Dr. Jacques Chaoulli and his patient George Zeliotis took the province of Quebec to court when the Quebec government said that the Quebec health insurance legislation did not permit Zeliotis to purchase health care privately, outside the public plan to avoid a long waiting list for surgery. The case was dismissed in Quebec Superior Court and was also dismissed in the Quebec Court of Appeal.
- See also: Chaoulli ruling not a license to privatize, CUPE’s reaction to the Supreme Court decision
Chaoulli and Zeliotis then appealed to the Supreme Court of Canada. They alleged that the prohibition on private health insurance in Quebec legislation violated their rights under section 1 of the Quebec Charter of Human Rights and Freedoms, which says “Every human being has a right to life, and to personal security, inviolability and freedom,” and under section 7 of the Canadian Charter of Rights and Freedoms, which says “Everyone has the right to life, liberty and security of the person and the right not to be deprived thereof except in accordance with the principles of fundamental justice.” Chaoulli and Zeliotis argued that if they have the means to buy care instead of waiting, they should not be restricted from doing so.
The Supreme Court began to hear the case on June 8, 2004 and issued its decision on June 9, 2005. A long list of private clinics and 10 senators led by Senator Michael Kirby supported Chaoulli in the case. Kirby argued “that Quebec’s ban on private insurance/purchase of insured health care services is unconstitutional.” The Canadian Labour Congress and the Charter Committee on Poverty Issues were primary intervenors in the case seeking to have the appeal dismissed.
Four of seven Supreme Court justices agreed with Chaoulli and Zeliotis that the Quebec Charter was violated. This majority ruled that the ban on the purchase of private insurance for health care services covered under the Quebec health insurance plan violated the Quebec Charter of Human Rights and Freedoms. Three justices strongly disagreed.
The majority decision was based largely on the issue of waiting lists and waiting times. The Supreme Court ruled that while the ban on private health insurance in Quebec is designed to protect the integrity of the public health system, it does not mean that patients must endure unnecessary delays that increase a patient’s mortality or result in pain that impinges greatly upon a patient’s quality of life. In effect, the Court ruled that individuals in Quebec could purchase private health insurance to cover services under the provincial health plan because the health system does not meet the needs of the patient. Further, the four justices rejected evidence that private health insurance would lead to an eventual demise of public health care.

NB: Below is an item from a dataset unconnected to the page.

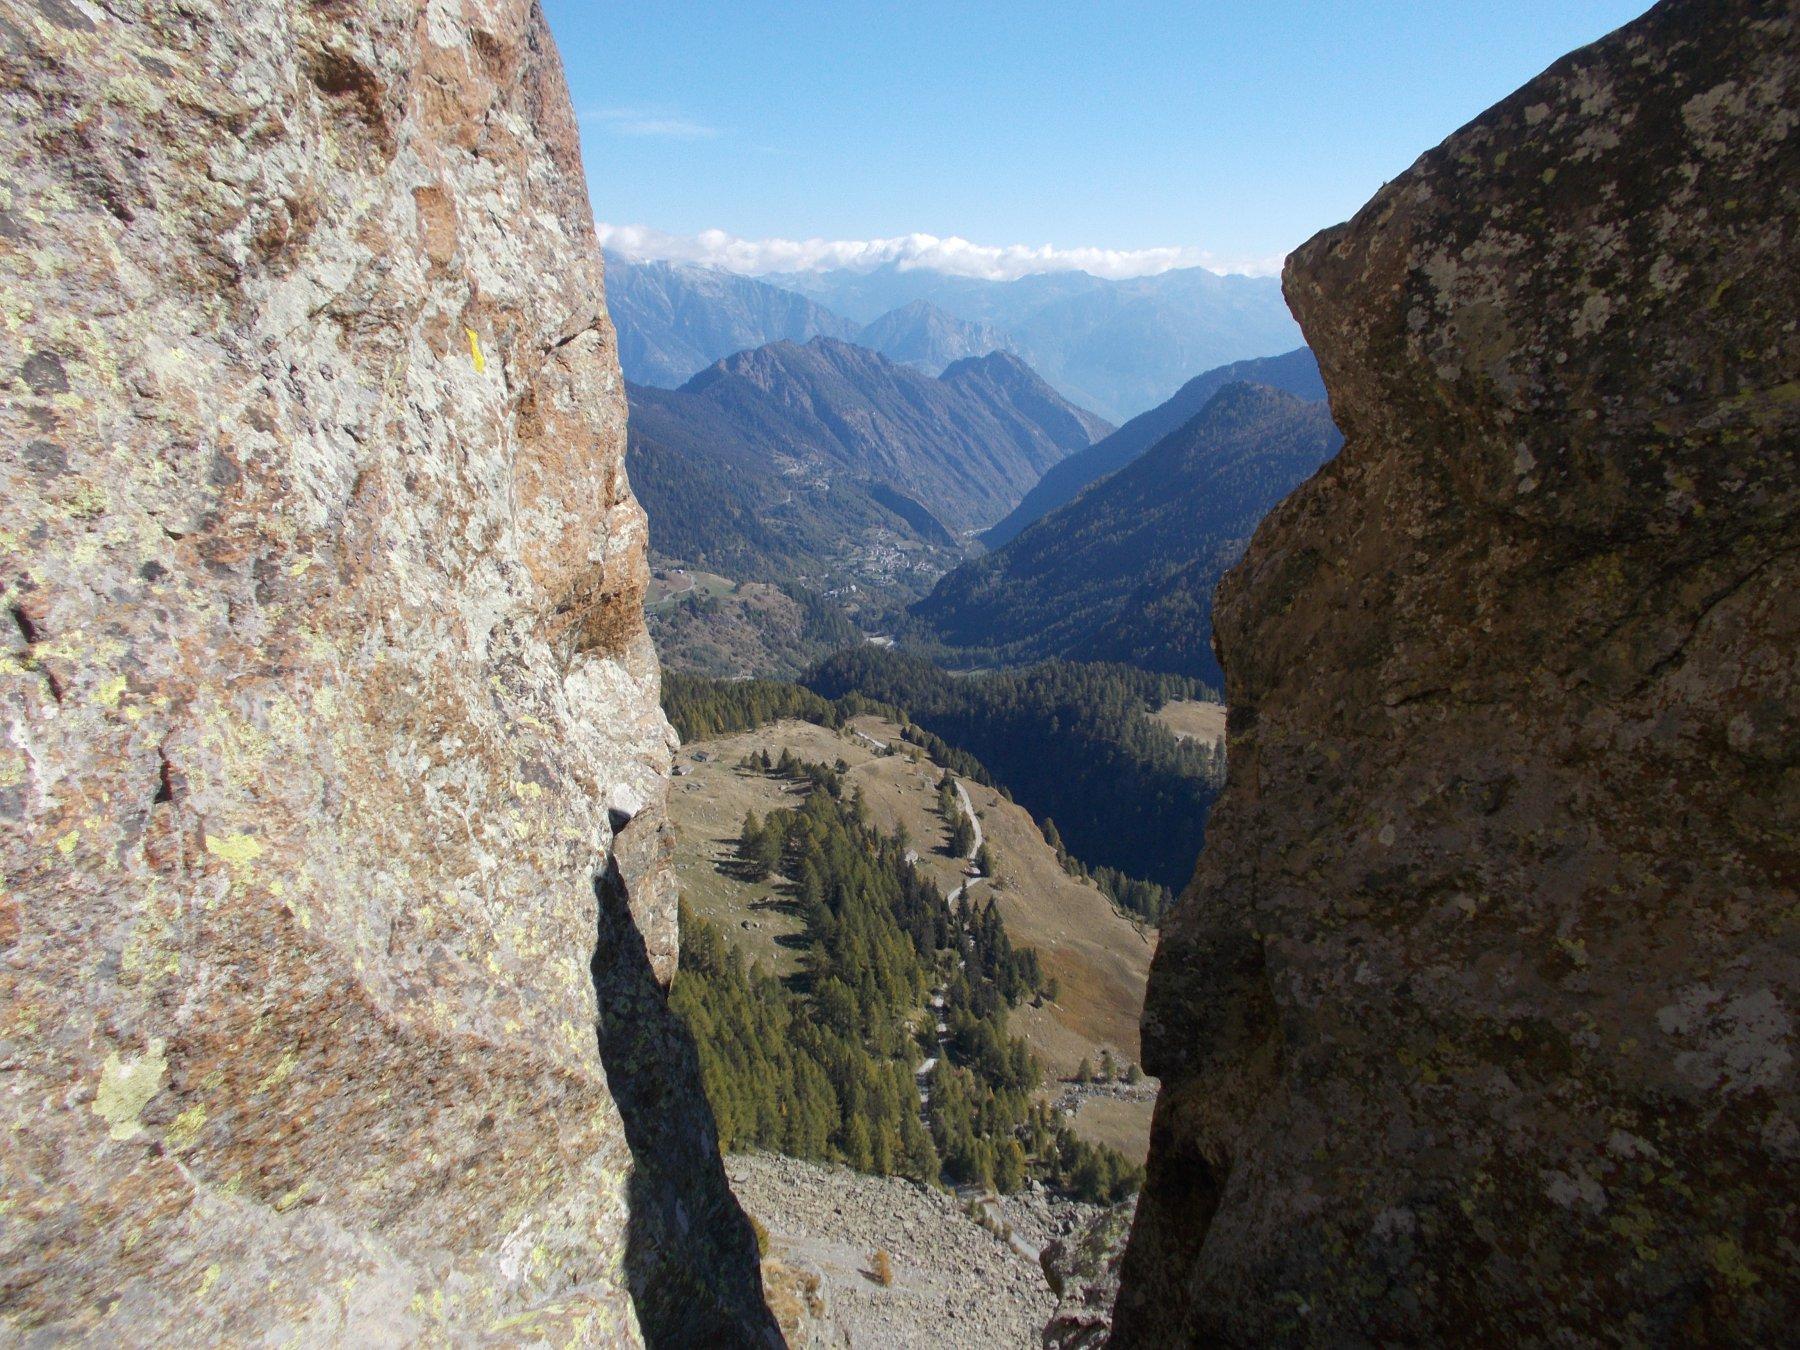 uno sguardo a valle..aiuta ad allentare la tensione..

The Court was divided 3-3 on the question of whether the Canadian Charter was violated, with one of seven justices voicing no opinion on that issue.
As it stands the decision is applicable only to the province of Quebec and the province is asking for a stay on the judgement in order to implement measures to address the legislative and health system issues.
What it Means
The Supreme Court has sent a very strong signal that provincial governments must move swiftly to strengthen their health care systems if they wish to avoid similar challenges. The issues of management of waiting lists and length of waiting times must be a priority in that process.
This decision does not mean that wholesale privatization of health care is now acceptable across the country. The decision applies only to the province of Quebec. However, in the near future, we may well see similar challenges to other provincial health insurance plans that ban private health insurance from covering provincially insured services.
Those who seek to push the privatization envelope by developing for-profit clinics, surgical facilities and private hospitals will be encouraged by the decision and will push the privatization envelop even further regardless of province or territory. Provincial governments must resist this pressure.
The federal government must strengthen its resolve to enforce the Canada Health Act and its principles of universality, accessibility, portability, public administration and comprehensiveness. Federal inaction on this enforcement has contributed in part to provincial permissiveness on privatization of health care.
Cuts to federal health care transfers to the provinces and territories dating back to the mid-1990s set the stage for the Supreme Court decision. Those cuts led to a massive restructuring and downsizing of provincial health care systems resulting in longer wait times and a decrease in the quality of care. While the federal, provincial and territorial governments reached a deal on health care funding in September 2004, the transfers have no strings attached. If the provinces do not use the money to strengthen their public health care systems, the Chaoulli decision will take on greater significance.
For years, the labour movement and our coalition allies have suggested strategies to strengthen publicly funded and delivered health care. These include:
- Implement pharmacare strategies such as bulk-buying of prescription drugs and an end to evergreening where drugs similar to old drugs are issued new patents, keeping them more costly.
- Expand home care and long term care to reduce avoidable pressures on emergency rooms and acute care beds.
- Develop waitlist management strategies.
- Increase the number of health care workers.
- Utilize operating rooms to full capacity rather than contracting-out surgery to private clinics
- Create day-surgery clinics within the public system.
The Chaoulli decision means that it is imperative, now more than ever before, that these strategies are pursued and public health care is strengthened.